When a friend introduced her to FraXI, she could not say no to the opportunity to share this approach by establishing a clinical arm in the organisation. “A clinical arm is important to an organisation like FraXI because there is a translational gap between research and clinical practice. A clinician is needed to help with translating data we find through research into everyday life through families and individuals living with FXS. We must work together to make sure important findings in research do not get lost in intimidating medical words- clinicians can be very good at taking the findings and delivering them to families who are meant to be the main beneficiaries of these findings in a helpful, holistic and human way. We are on the same team.” 

Marcia was inspired to collaborate with FraXI on the upcoming webinar workshop series after meeting the Madias, whose story we have covered. “They moved me to the point of teaching me,” she says. “They speak French. I speak English. We had Kristin (Mulcock) as an interpreter. The language of understanding knows no borders. I was reminded again why I am here- I want to use the tools and knowledge I have to support families like the Madias who live with enough hope to outnumber the challenges they face. They are incredible.” 

Marcia says she sees her message of hope echoed in FraXI’s research.
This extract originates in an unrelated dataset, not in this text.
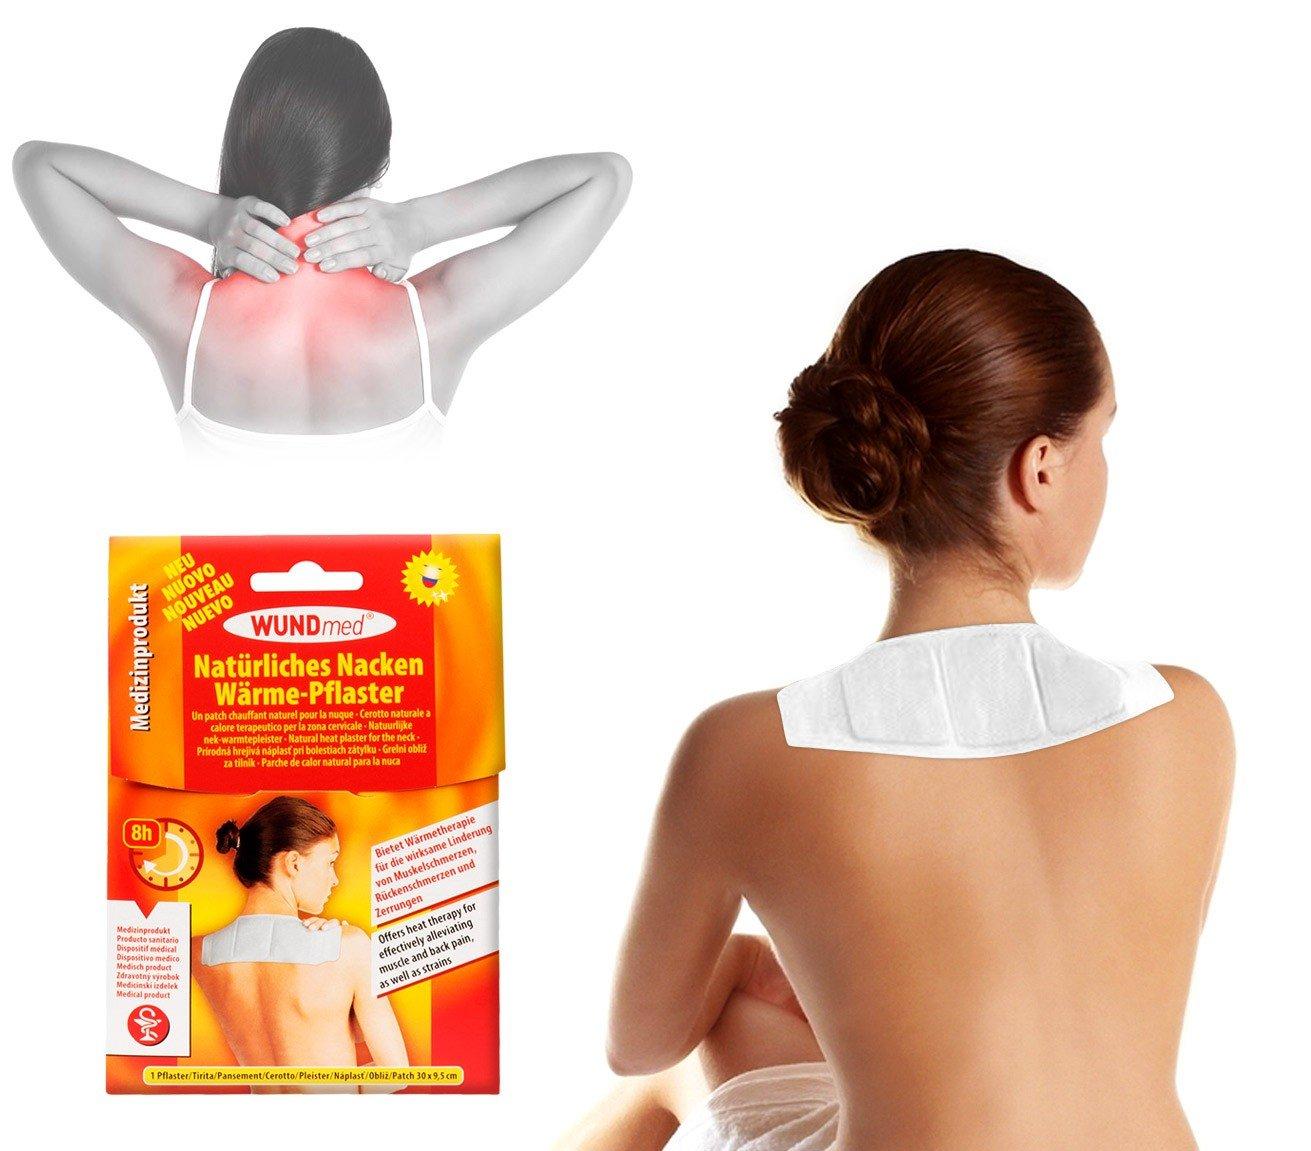 626572 Pack 2 cerotti naturali termici al calore terapeutico per zona cervicale. MEDIA WAVE store ®

Paying homage to our Joys of Fragile X Kağıt, she says that one of the most essential skills every stakeholder in FXS advocacy should have is the capacity to listen. 

“What people with FXS have in common is a gene mutation, but that does not mean that they are affected in the same way. They are unique. Medical schools need to rework their curricula to reflect this, otherwise we are going to be left with unhelpful carbon copies of a single strategy.” 

Over the course of four decades, Marcia has adopted countless new methods to support patients living with FXS to learn new things. “If they want to learn something new, I always say that we are going to do it together. I watch them overcome things that others easily label deficits. With Fragile X, you really need to observe and make a list of things that they like and feel comfortable introducing to their personal space.” Marcia put adaptivity at the centre of all her techniques. But if you really think about it, adaptivity should not just be limited to therapeutic strategies but to everyday human exchanges. 

“If someone with Fragile X is having a hard time with behaviour, the key to overcoming the challenge is patience. This is something that I work on with them quite often. My message to others is that people with FXS do not want to have difficulties with behaviour. We have to understand that they live with a condition that gives them a lot more hurdles to jump over than the rest of us do. The most useful thing you can do when someone with FXS is behaving in a way that is causing harm to themselves is to work on how to stop that behaviour, but not before taking the time to understand why they are engaging in self-harming behaviours and how the environment around them should be changed to help them walk away from such self-destructive behaviour.” 

Perhaps, the real harm is not in the behaviours exhibited by some people with FXS but by making them feel shortchanged. “We can’t shy away from certain things about the behaviour of people living with FXS  because it is unusual to us. We can be better allies by observing and trying to understand.” 

As Marcia prepares for her workshop webinars, we would like to leave our members with the following from her: 

“You may think you are moving a little slower than others, but what is important is that you are moving nonetheless. When you are on a spectrum, what is important to ask rather than where you are on the spectrum, is who you are to yourself and those who love you. I am grateful to FraXI for allowing me to sing my song to more people all over the world. I cannot wait to see what my footprint will look like if it can make it across the globe.”